Sure enough. The microphone in one of the pilot oxygen masks wasn’t working. I didn’t even know a pilot oxygen mask had a microphone.

Well, after two hours of sitting on the plane, the crew told us to get off. Five hours and fifteen minutes after that, we took off from Los Angeles for Nashville on a different plane, arriving, not at 4:32 p.m.-ish, but at 11:30 p.m.-ish.

There is, of course, no great loss without some small gain. Actually there were many blessings. I finished my trip journal and finished categorizing my trip photos. We met many fellow passengers headed to Nashville. And we got to fly into Nashville at night instead of in the daytime. I am not sure I have ever gotten to do that before.

It was a beautiful sight to Ray and me. I know the earth has problems with light pollution and all that, and I love a nighttime sky filled with stars. Still, it was a beautiful sight.

We taught our children Tennessee history. Then, a few years later, we wrote Exploring Tennessee. We find the history of Nashville fascinating and sometime, when I have gotten more sleep that I have lately, maybe I’ll share some with you.

This time suffice it to say that Nashville was founded when two men, James Robertson and John Donelson, led pioneers here to start a settlement. John Donelson went on to Kentucky a short time later, but James Robertson stayed on as a leader among brave men and women.

As Ray and I gazed out the window Tuesday night at all those lights, Ray said, “What would James Robertson think?” I thought about that and also about the homeschooling pioneers of the 1980s. How could they imagine how many people today would be doing what they did as brave pioneers?

As we say around here, “Who’d a’ thunk it?

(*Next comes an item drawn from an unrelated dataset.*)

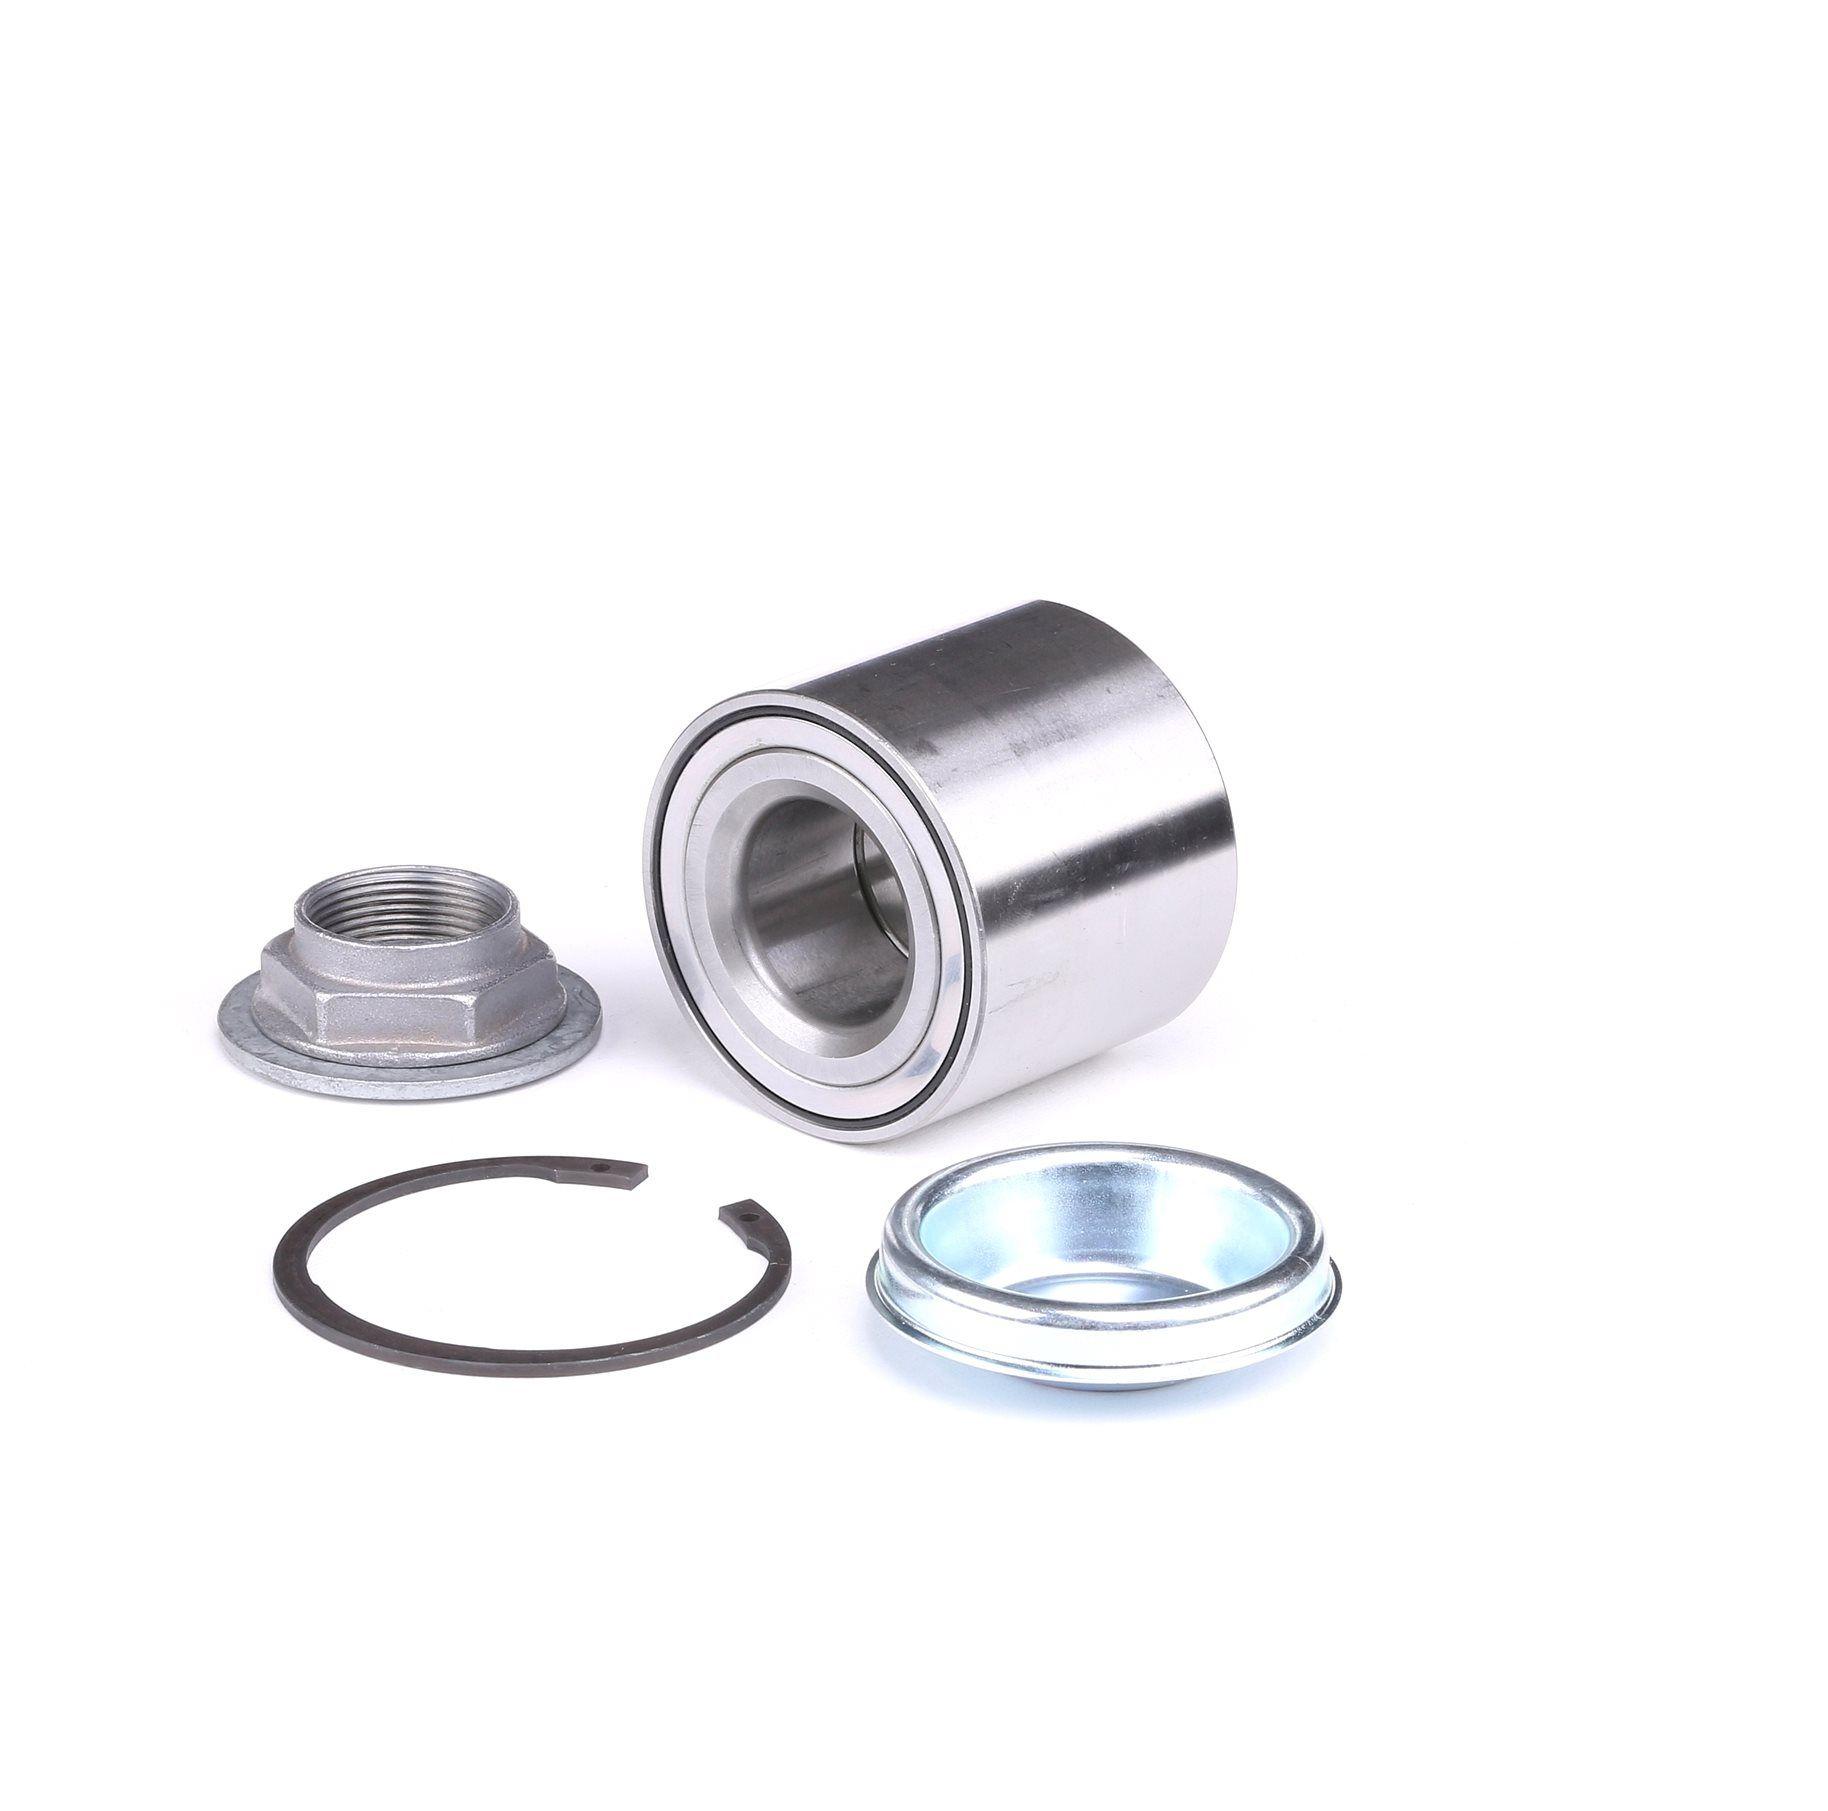 Acheter Jeu de roulements de roue Ø: 62mm, Diamètre intérieur: 30mm SKF VKBA 6549 à tout moment

“He presented another parable to them, saying,
“The kingdom of heaven is like a mustard seed,
which a man took and sowed in his field;
and this is smaller than all other seeds,
but when it is full grown,
it is larger than the garden plants and becomes a tree,
so that the birds of the air come and nest in its branches.”
Matthew 13:31-32

Keep planting those mustard seeds in your children’s hearts.

Old Camera 256
As Ray and I walked down a street in Hoonah, Alaska, a Tlingit man who was walking past told us about these two bald eagles and their nest a short way down the street. Wasn’t that kind? These fledglings were at home that day but their white-headed and white-tailed parents were away (bald eagles are 4 to 5 years old before they get their white heads and tails; you can learn a lot from tour guides).